Problem details:
Quote the listing below in its entirety, omitting every image.

Data shown:
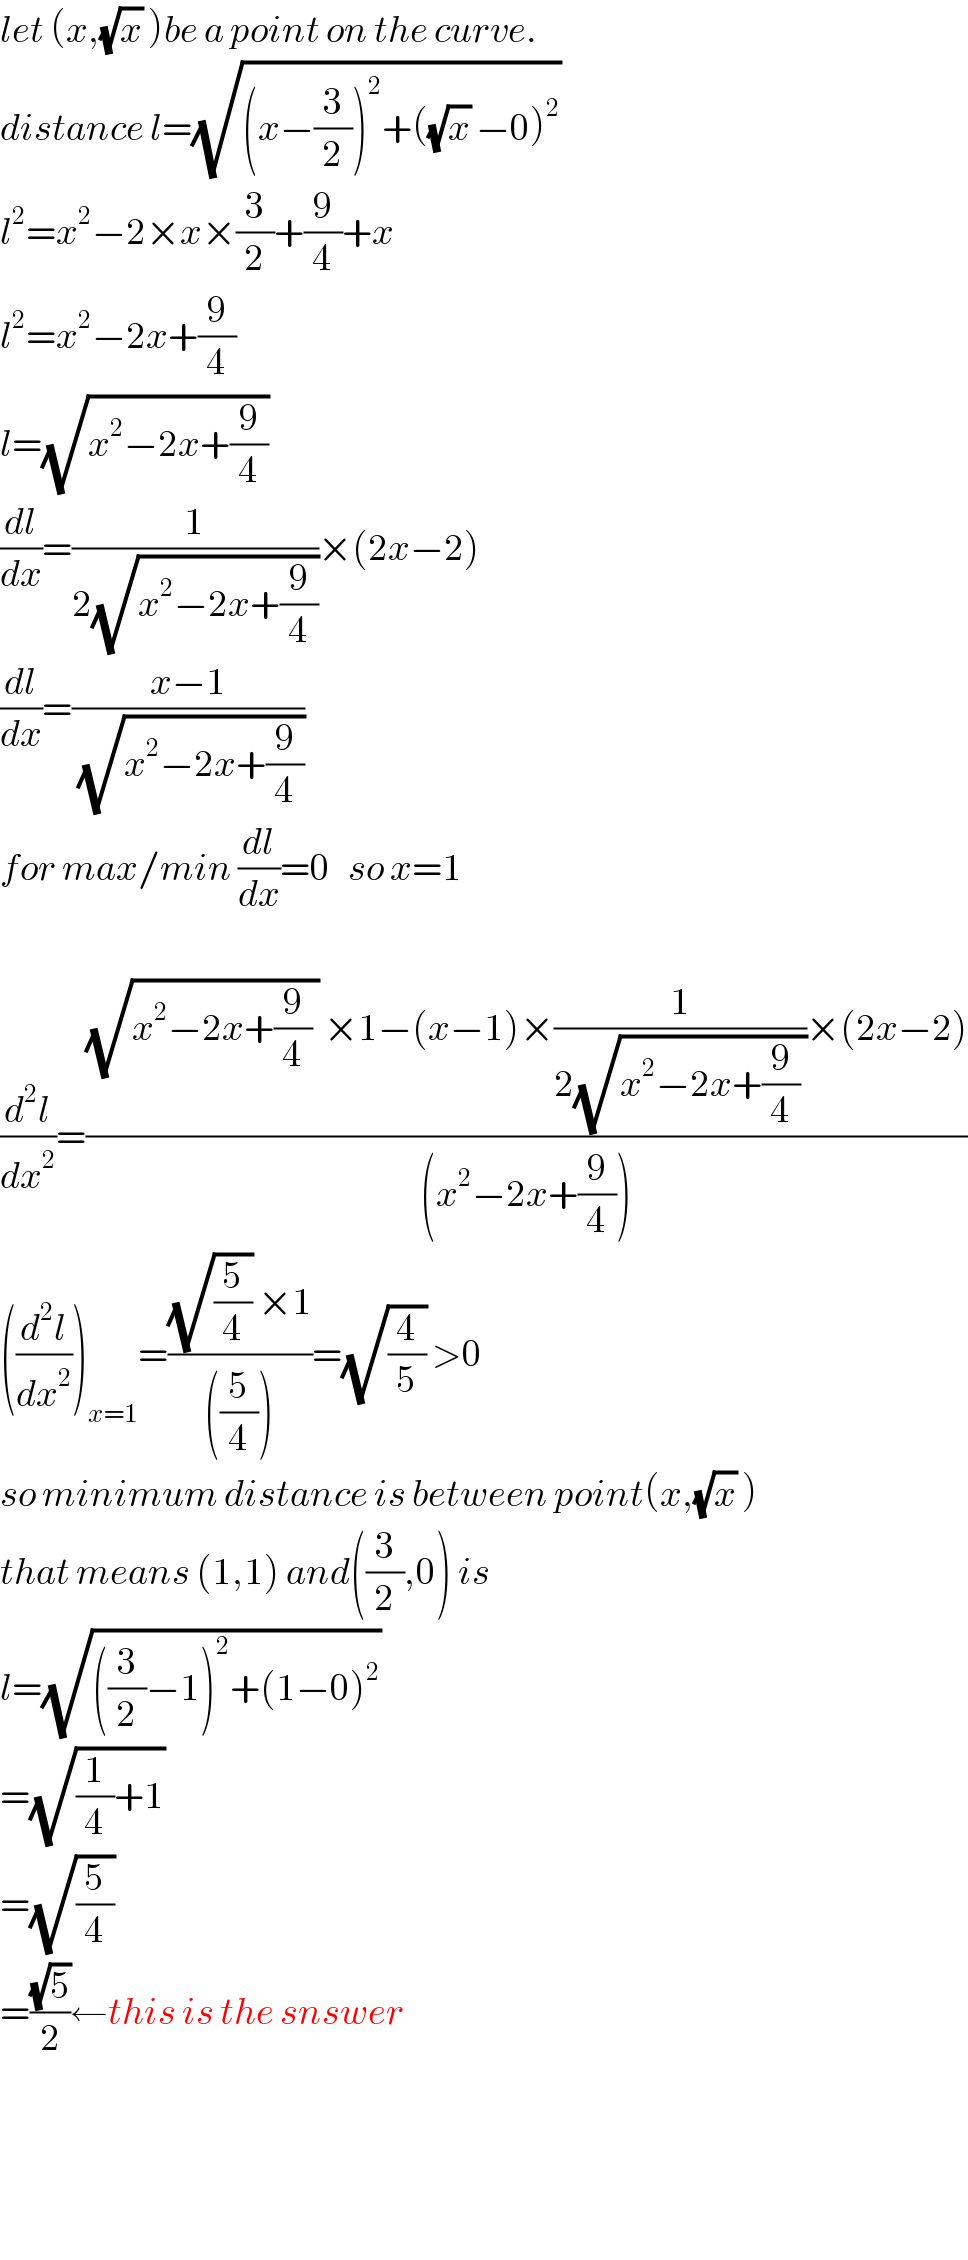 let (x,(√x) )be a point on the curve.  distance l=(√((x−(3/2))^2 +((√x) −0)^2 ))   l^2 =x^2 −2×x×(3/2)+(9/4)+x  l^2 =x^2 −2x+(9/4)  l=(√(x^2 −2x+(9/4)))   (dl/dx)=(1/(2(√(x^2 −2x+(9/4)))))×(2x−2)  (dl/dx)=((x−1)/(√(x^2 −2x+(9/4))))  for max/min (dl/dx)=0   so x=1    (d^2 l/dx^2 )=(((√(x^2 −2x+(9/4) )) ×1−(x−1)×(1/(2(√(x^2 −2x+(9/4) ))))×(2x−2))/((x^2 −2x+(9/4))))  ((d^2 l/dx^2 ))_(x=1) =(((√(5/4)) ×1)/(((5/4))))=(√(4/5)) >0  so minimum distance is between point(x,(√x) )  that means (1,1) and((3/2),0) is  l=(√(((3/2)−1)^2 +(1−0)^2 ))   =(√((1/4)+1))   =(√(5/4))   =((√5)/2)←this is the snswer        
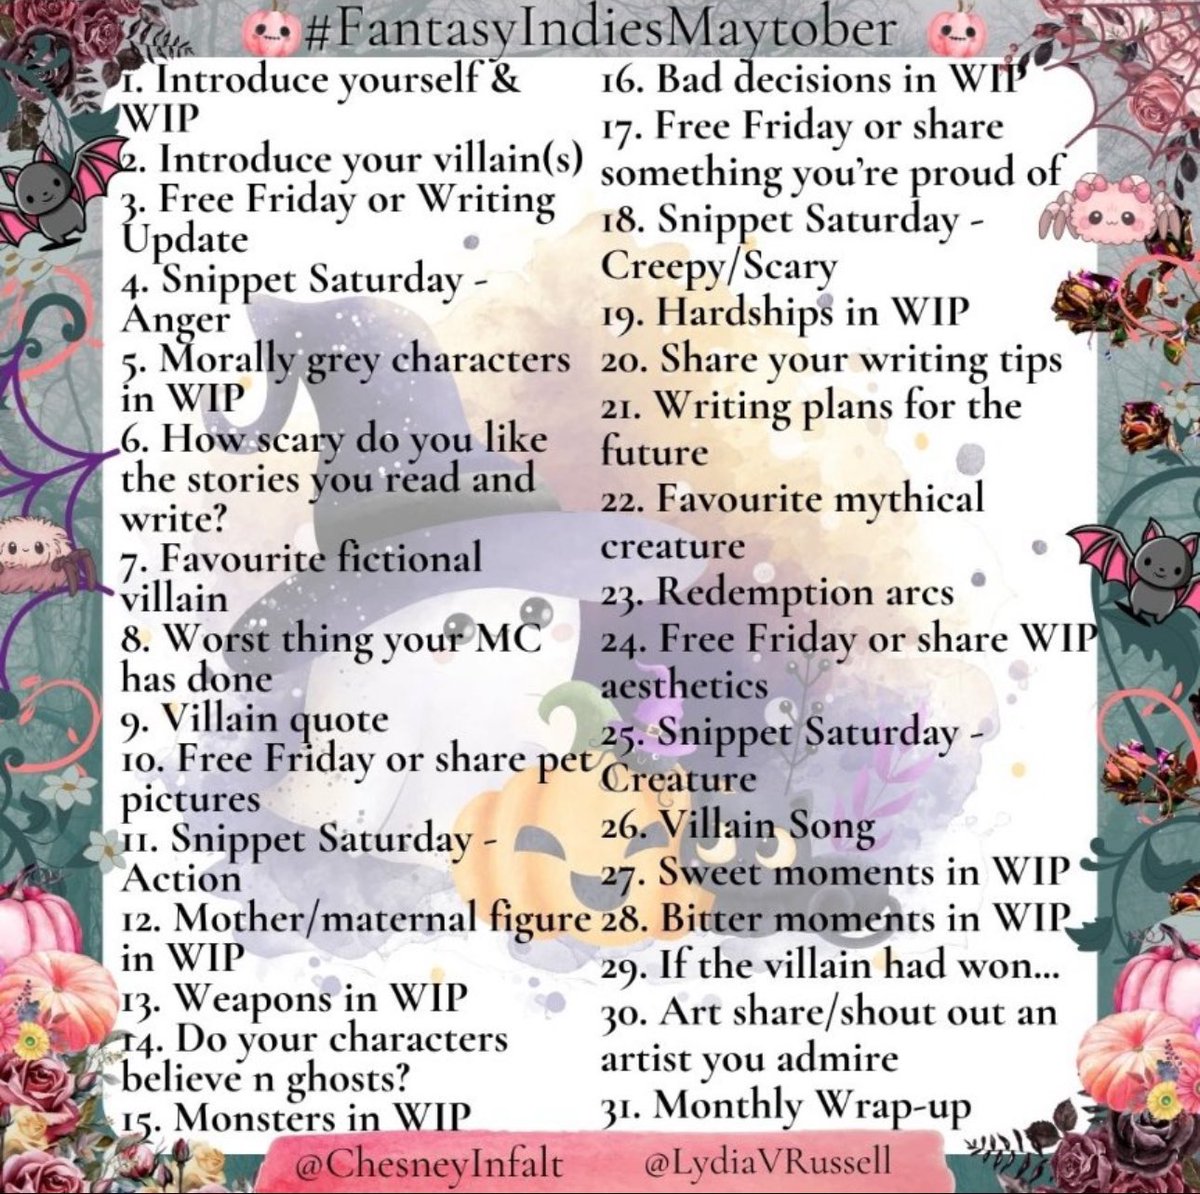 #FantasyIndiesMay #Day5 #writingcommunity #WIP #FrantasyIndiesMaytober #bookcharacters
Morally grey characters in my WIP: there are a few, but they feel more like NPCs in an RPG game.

Reply to the exercise:
 let (x,(√x) )be a point on the curve.  distance l=(√((x−(3/2))^2 +((√x) −0)^2 ))   l^2 =x^2 −2×x×(3/2)+(9/4)+x  l^2 =x^2 −2x+(9/4)  l=(√(x^2 −2x+(9/4)))   (dl/dx)=(1/(2(√(x^2 −2x+(9/4)))))×(2x−2)  (dl/dx)=((x−1)/(√(x^2 −2x+(9/4))))  for max/min (dl/dx)=0   so x=1    (d^2 l/dx^2 )=(((√(x^2 −2x+(9/4) )) ×1−(x−1)×(1/(2(√(x^2 −2x+(9/4) ))))×(2x−2))/((x^2 −2x+(9/4))))  ((d^2 l/dx^2 ))_(x=1) =(((√(5/4)) ×1)/(((5/4))))=(√(4/5)) >0  so minimum distance is between point(x,(√x) )  that means (1,1) and((3/2),0) is  l=(√(((3/2)−1)^2 +(1−0)^2 ))   =(√((1/4)+1))   =(√(5/4))   =((√5)/2)←this is the snswer        
 #FantasyIndiesMay #Day5 #writingcommunity #WIP #FrantasyIndiesMaytober #bookcharacters
Morally grey characters in my WIP: there are a few, but they feel more like NPCs in an RPG game.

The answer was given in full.